First off, it almost always happens when I’m under some sort of outside stress. Saturday, a whole slew of factors had lined up to make the situation as trying as possible. Tomas had to go to a cross country meet at 8:15, but the rest of us needed to leave at 8:00 to make it to the Ellsworth area for an all-day retreat. We had to be all packed before we left, since we’d be heading down to Worcester to stay the night. We’d planned things out ahead of time as best we could, but it was all going to be pretty tight, and I knew there’d be a whole lot of driving involved. (2 hours to Ellsworth, maybe 2 hours back home, then 4 hours or so down to Worcester, depending on traffic. And that was just driving time.)

Make sure to add in uncertainty, too. I don’t handle last minute changes well. I’m the sort of person who really likes to know what I’m going to be facing each day. Give me a good agenda, an organized To Do list, and clear expectations, and I can get a whole ton of things accomplished. I think fine on my toes in the heat of the moment, but when I have time to really worry about any uncertainty, I struggle. (I’m the sort of person who stresses out about silly things like “how will I get all this luggage off the plane” while I’m sitting on the plane waiting to get off. Known uncertainty makes me worried. I don’t know why.)
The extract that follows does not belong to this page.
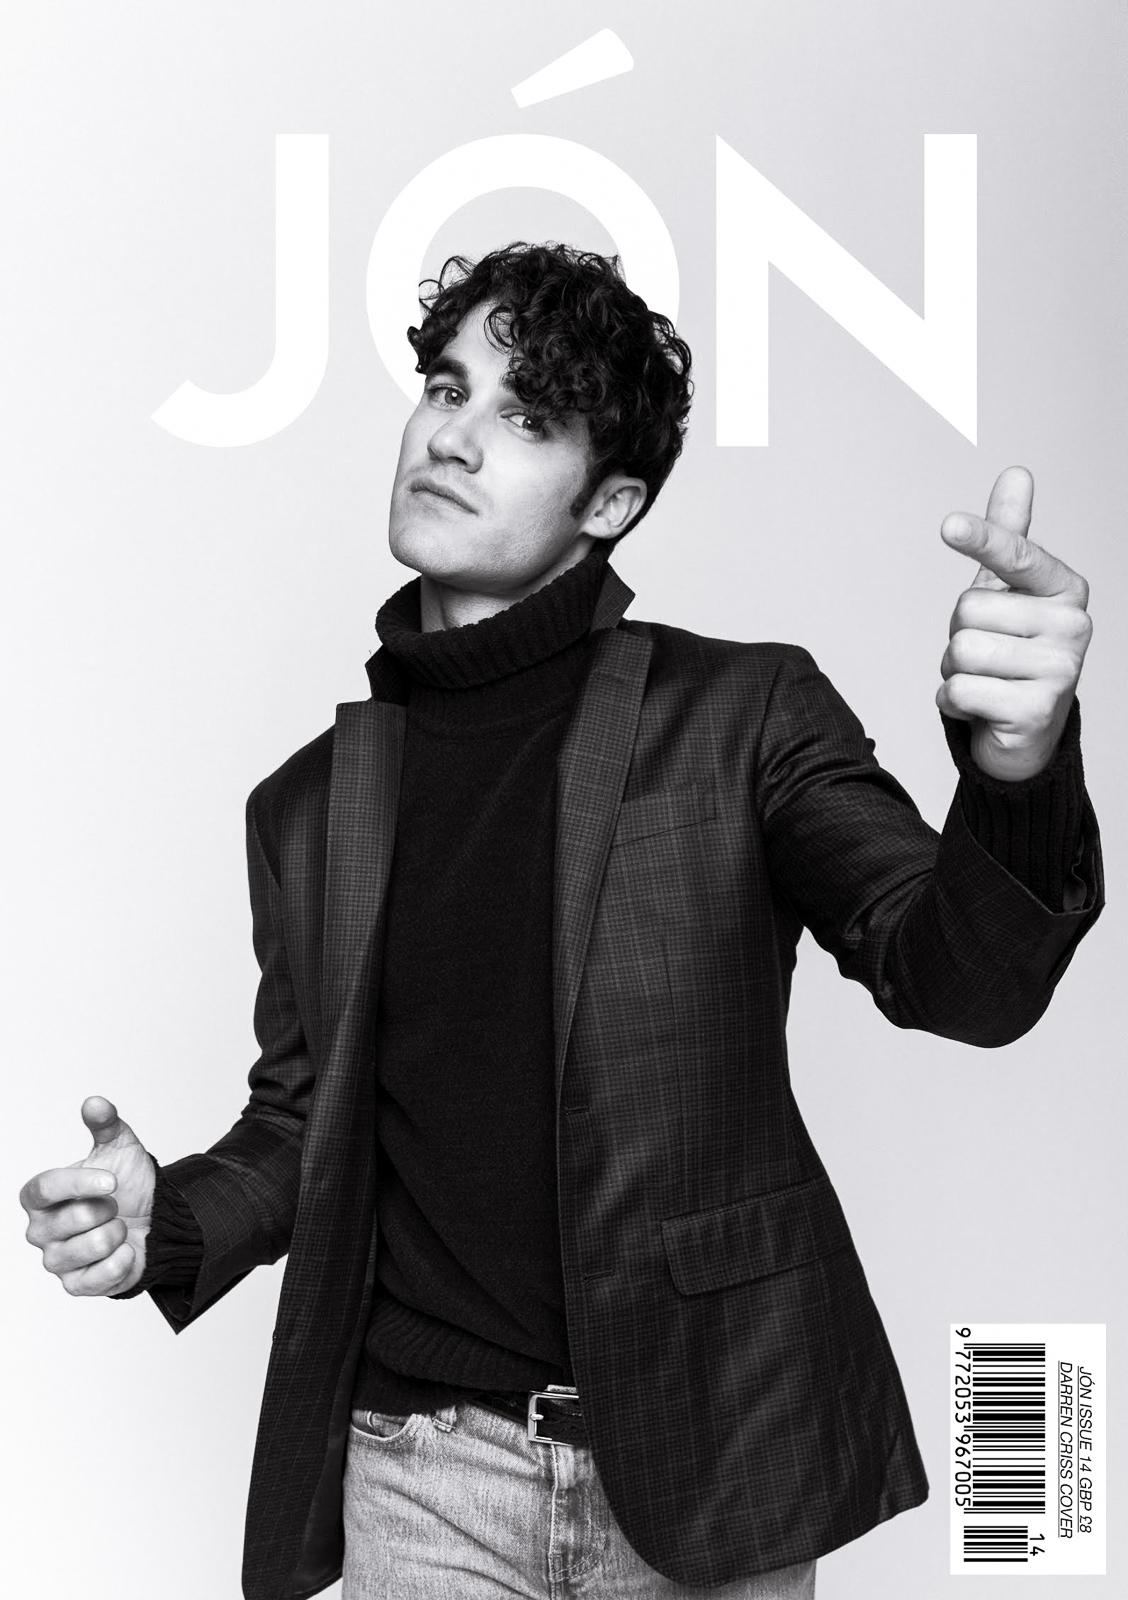 Darren Criss Cover - Ted Sun Photo-1.jpg

We knew we’d have to get Tomas later on, but we weren’t sure exactly where or when. Ideally, we’d be able to pick him up in Augusta and cut off an hour on the trip down to Worcester, but we figured we’d play it by ear. (Not my favorite thing to do. See above.)
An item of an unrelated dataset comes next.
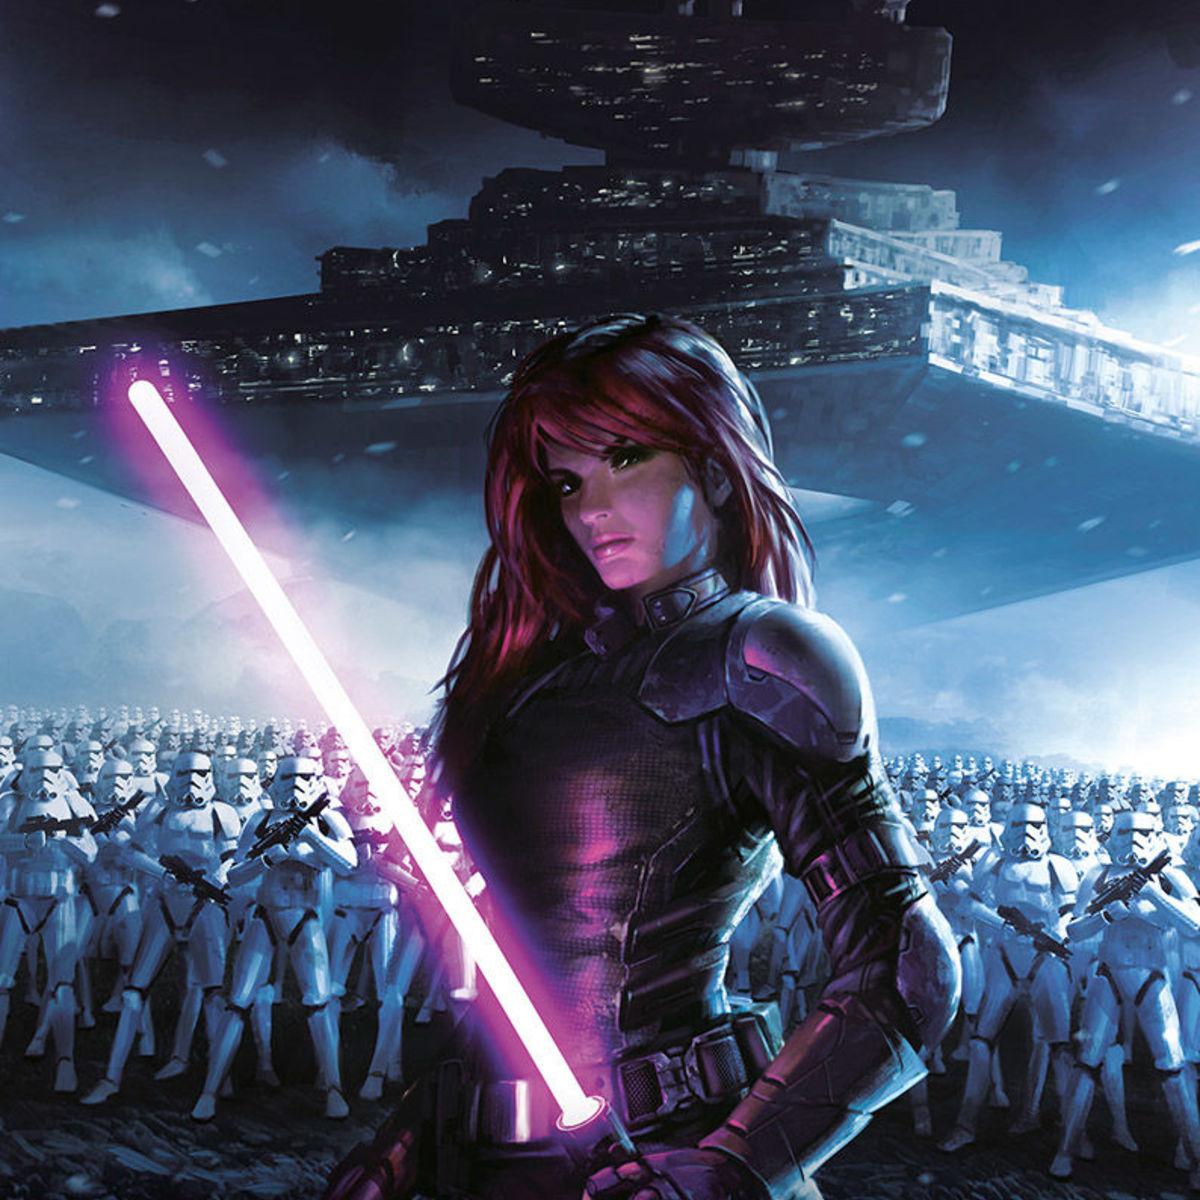 Luke Skywalker And Mara Jade Wedding

I got up on time, and everything was going well. It was a rush to get everything together, but we were looking good. Just one last thing to do: grab the tickets for the devotional we were going to Sunday. I had fifteen minutes left, and was feeling haggard, but happy that everything was on track.

Except the tickets were nowhere to be found. I looked for them. Denisa got involved. Tomas and DC started scouring the house as well. We had ten minutes left. Five minutes. Then we were late. Five minutes. Ten minutes. I had to drive Tomas to the bus when we were 20 minutes late. I despise being late. It can be enough to put me in a bad mood, even without any other stress.

When we left for Ellsworth, we were running a half hour late for the retreat, and we’d never found the tickets. I was one very irate Bryce at that point. Definitely suffering from almost complete tunnel vision by then. My sole goal became to cut that half hour delay down to something less egregious. If I could make it there less than ten minutes late, I wouldn’t feel as bad, for example.

The drive is a blur in my memory. Many speed limits were broken to an extent I don’t typically break them. (Which in turn put be into a worse mood. It was a bad cycle.) At the end of it all, we arrived 9 minutes late. We were actually the second people to arrive, though I think I might have torn the space time continuum somewhere along the way.

Denisa and I were both stumped, because while we can (at times) be a tad disorganized, we’re never that disorganized. We decided in the end that the seats we’d been given weren’t the right ones, and we were supposed to sit somewhere else. It was the only thing that made sense. We ended up finding the tickets after we came home. They’d slipped into a crack by the recycling bin. We had been given the wrong tickets for the kids. Tomas and DC would have been seated much farther back. Instead, because we had to switch tickets, they got a seat on the fourth row. Since the topic of one of the talks was to acknowledge the hand of God when you see it at work in your life, I’m going to chalk the experience up to that.

Though next time, I’m putting any and all tickets in a place I’ll remember easily . . .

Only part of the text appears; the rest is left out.